Однако во мне жил постоянный страх, ибо я понимала, что затевать заговор против правительства — дело опасное. Больше всего я боялась, что Мино пойдет на какое-нибудь открытое столкновение: по невежеству я не могла представить себе заговора без стрельбы и крови. Между прочим, я вспоминаю один случай, когда я, хоть и бессознательно, почувствовала, что должна вмешаться и предотвратить опасность, грозящую Мино. Я знала, что оружие иметь запрещено и что за незаконное ношение оружия можно в два счета угодить в тюрьму. Кроме того, Мино иногда легко теряет выдержку, а оружие часто подводило людей, которые могли бы спастись, не будь оно у них под рукой. Все это натолкнуло меня на мысль, что пистолет, которым Мино так гордился, был ему не только не нужен, хотя сам он утверждал обратное, но мог навлечь на него беду в том случае, если Мино будет вынужден пустить его в ход или если у него просто найдут этот пистолет. Но я не осмеливалась сказать ему об этом, потому что знала: наш разговор ни к чему не приведет. В конце концов я решила действовать тайком. Как-то раз он объяснил мне устройство пистолета. И однажды, пока он спал, я вынула из кармана брюк пистолет, вытянула обойму и разрядила ее. Затем вставила обойму на место и снова засунула пистолет в карман. А патроны спрягала под белье в ящик комода. Все это я проделала в мгновение ока, а потом улеглась возле Мино. Через два дня я положила патроны в сумочку, вышла из дома и выбросила их в Тибр.

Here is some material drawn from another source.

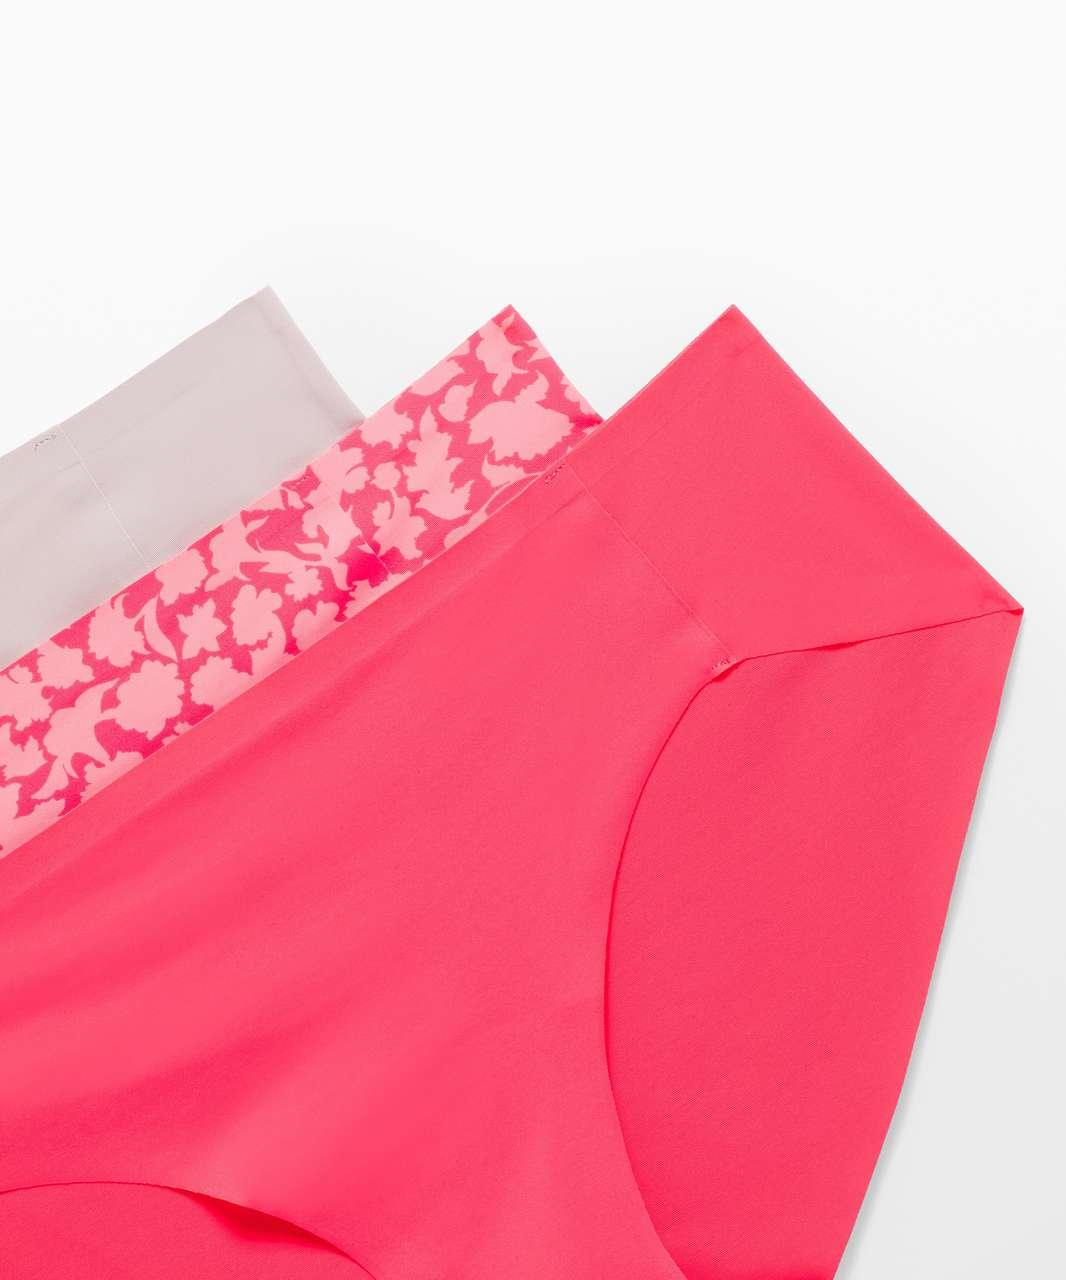 Lululemon Namastay Put Hipster 3 Pack - Heartthrob / Silhouette Floral Pink Lemonade Heartthrob / Smoky Blush

Как раз в это время меня навестил Астарита. Я почти забыла о его существовании, считая, что сделала все от меня зависящее для спасения служанки, и не хотела больше возвращаться к этому. Астарита сообщил мне, что священник принес пудреницу в полицию и что хозяйка, заполучив свою вещь, сняла по совету полиции свое обвинение против служанки, которую признали невиновной и освободили из тюрьмы. Должна заметить, что известие это было мне особенно приятно, потому что рассеяло горький осадок, оставшийся у меня после той исповеди. Я думала теперь не об освобожденной служанке, а о Мино и решила, что после того как опасность доноса со стороны священника отпала, то ни мне, ни Мино теперь ничего не грозит. Поэтому не удержалась и радостно обняла Астариту.
— Неужели тебе так сильно хотелось, чтобы эту женщину освободили? — заметил он с сомнением в голосе.
— Конечно, тебе это должно казаться странным, ведь ты каждый день со спокойной совестью сажаешь десятки невинных людей за решетку… но я-то по-настоящему мучилась! — с притворным жаром воскликнула я.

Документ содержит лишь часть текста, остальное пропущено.